Future investigations
Principles of future investigations
Any future regimen must fulfill the following recommendations: [1]
- It should not have more than a maximum duration of 6 months
- The dosing schedule must be simple
- The ideal number of drugs should not exceed 3-5 drug from a different class
- It should have a minimum side effect profile so that we could have minimum monitoring
- It should be effective against MDR, XDR, and XXDR strains
- It should be administered orally
- It should have minimum interaction with antiretroviral drugs.

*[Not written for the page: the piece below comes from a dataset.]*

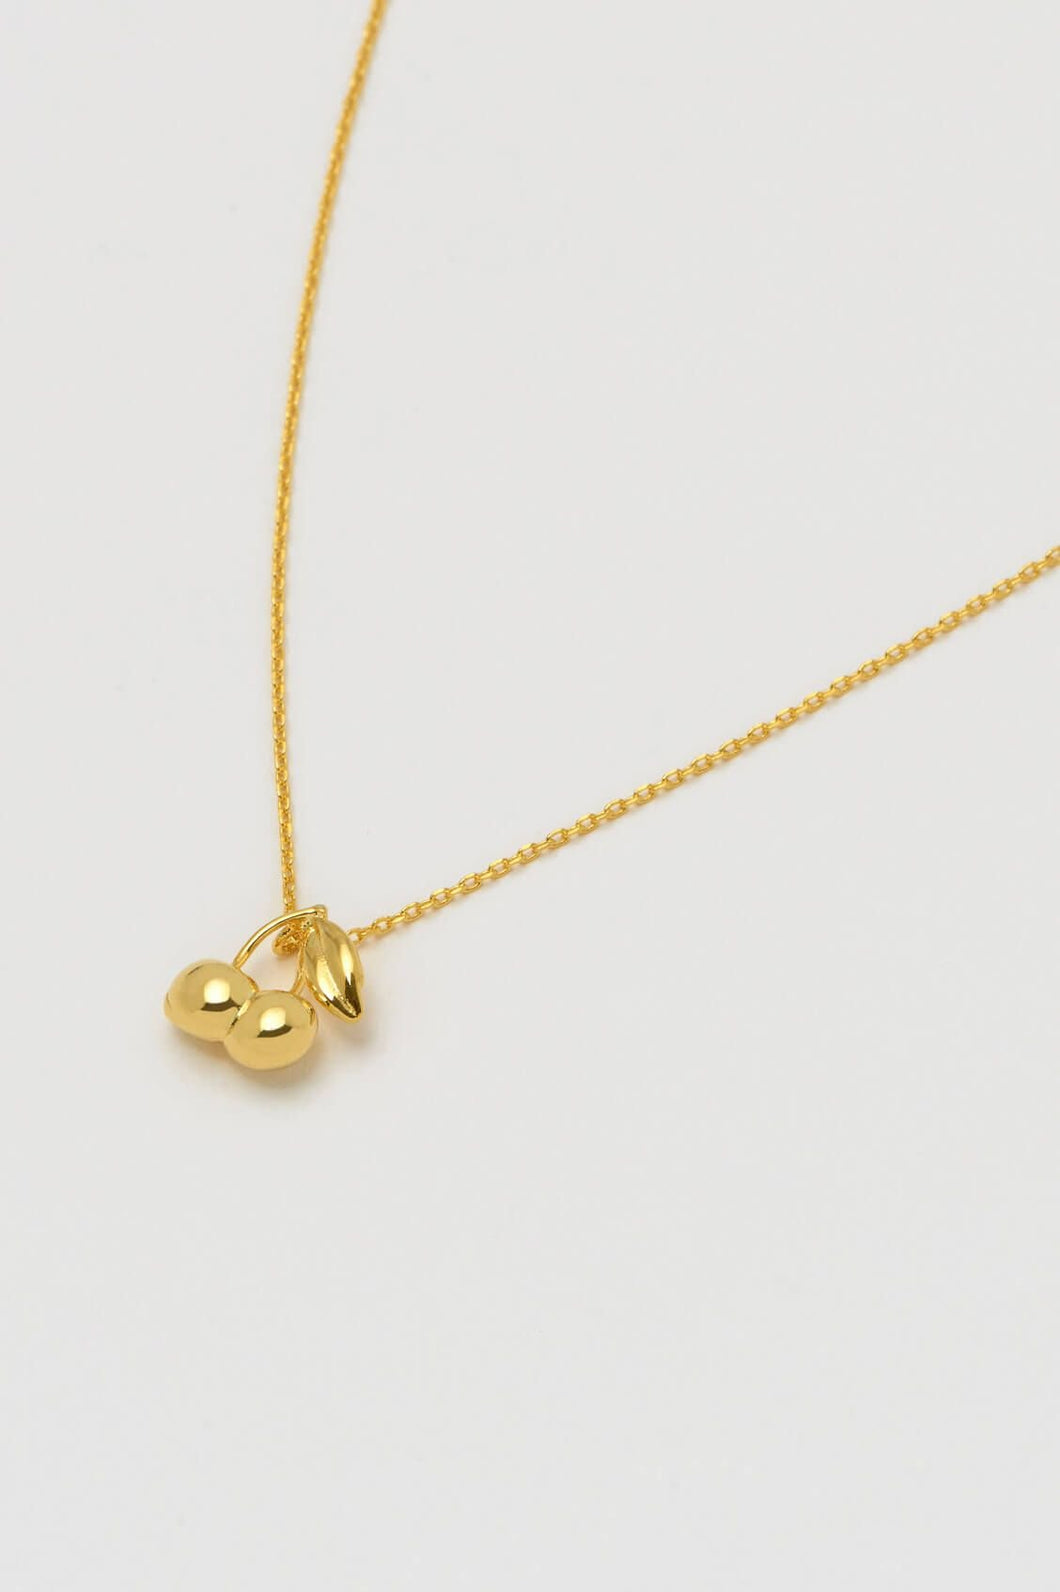 Cherries Pendant Necklace Gold Plated

- It should have at least one new class of drug
New drugs involved in a clinical trial for the treatment of tuberculosis
| Drug | Phase | Class |
|---|---|---|
| Moxifloxacin | Phase III | Fluoroquinolone |
| Linezolid | Phase II | Oxazolidinone |
| AZD-5847 | Phase II | Oxazolidinone |
| Sutezolid | Phase II | Oxazolidinone |
| Clofazimine | Phase II | Riminophenazine |
| SQ-109 | Phase II | Ethylenediamine |
| PA-824 | Phase IIb | Nitroimidazole |
| Delamanid | Phase III | Nitroimidazole |
| Bedaquiline | Phase III | Diarylquinoline |
| Data provided by WHO[2] | ||
Tuberculosis vaccine development
- Neonatal BCG vaccination is partially effective at protecting infants and children, especially from the most severe complications of TB disease.[3]

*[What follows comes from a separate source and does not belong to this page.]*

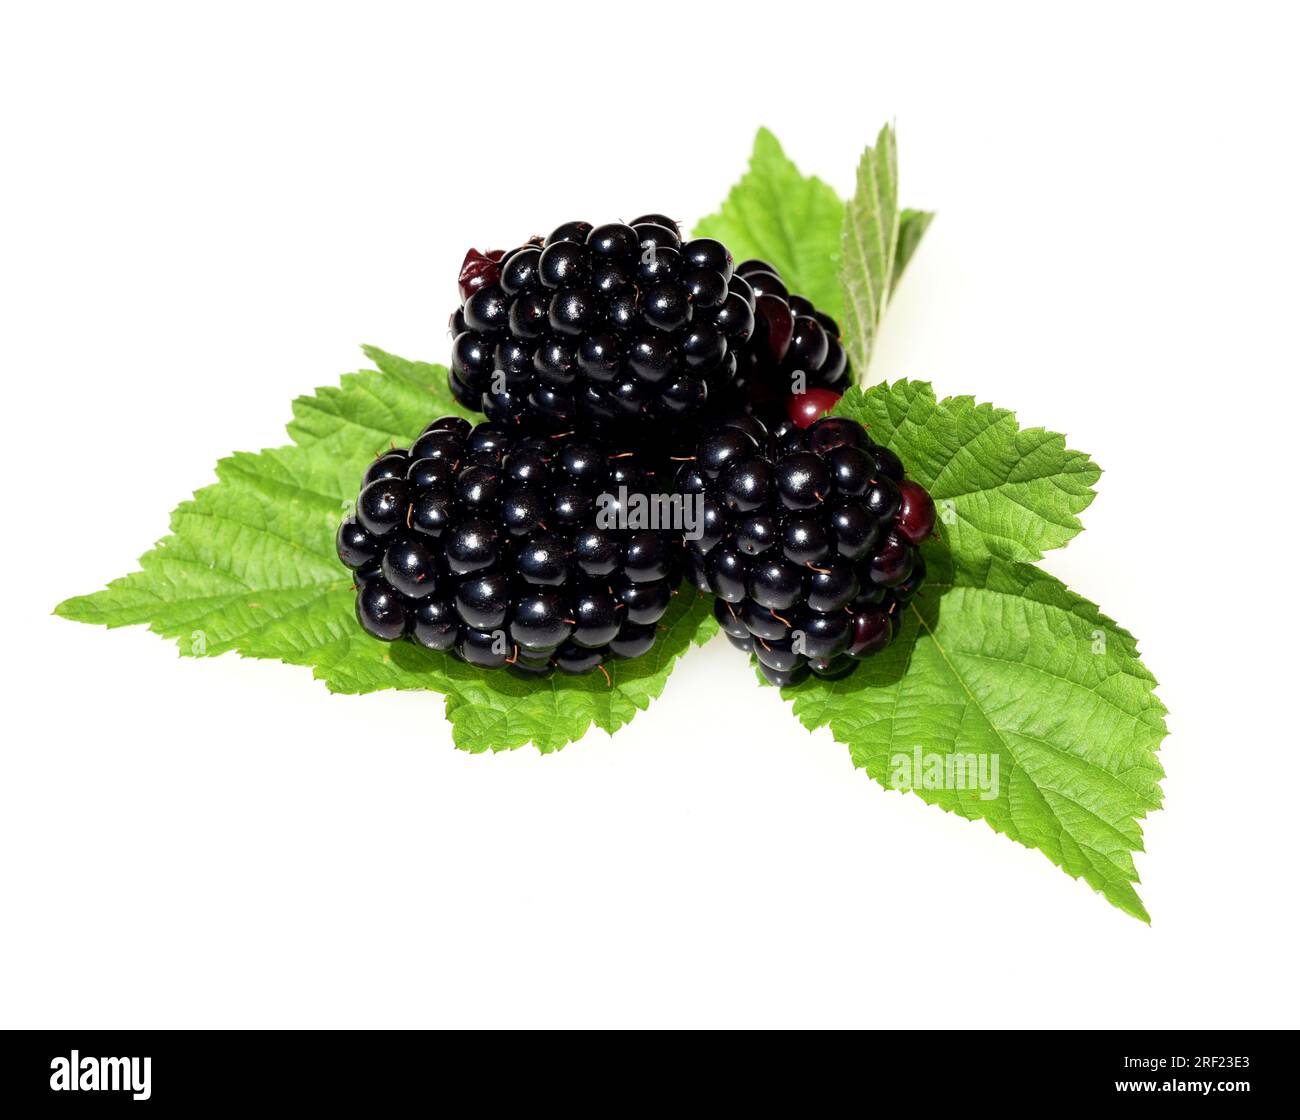 Blackberries, Rubus fructicosa, is a tasty berry plant with black berries Stock Photo

- BCG is poorly effective at protecting against pulmonary disease in adults, and hence at decreasing Mycobacterium tuberculosis transmission.[3]
- A new novel vaccine is needed to reduce the incidence and mortality of tuberculosis; a vaccine that is effective in adult individuals who have not yet been infected with mycobacterium tuberculosis, in addition to in those with latent mycobacterium tuberculosis infection.[3]
- This new novel vaccine will also provide the best way to counteract accelerating spread of multi-drug resistant tuberculosis.[3]
- To this date, this new vaccine has not been developed but many TB vaccine candidates are in pipeline.[3]
- Potential vaccines are either whole-cell vaccines, adjuvanted proteins, and vectored subunit vaccines.[3]
- A document highlighting WHO preferred Product Characteristics (PPC) for new TB vaccines has been devised based on a high unmet medical need and technical feasibility assessment.[3]
- The vaccine PPCs are built through a large consensus building process and originate from interactions with different stakeholders.[3]
- The new vaccine, made by GSK and now known as M72/AS01E, was tested in about 3,300 adults in Kenya, South Africa, and Zambia.
- All of them already had latent tuberculosis, Of those who got two doses of the GSK vaccine, only 13 developed active tuberculosis during three years of follow-up, according to the new study which was published in The New England Journal of Medicine. On the other hand, 26 of those who received a placebo progressed to active tuberculosis.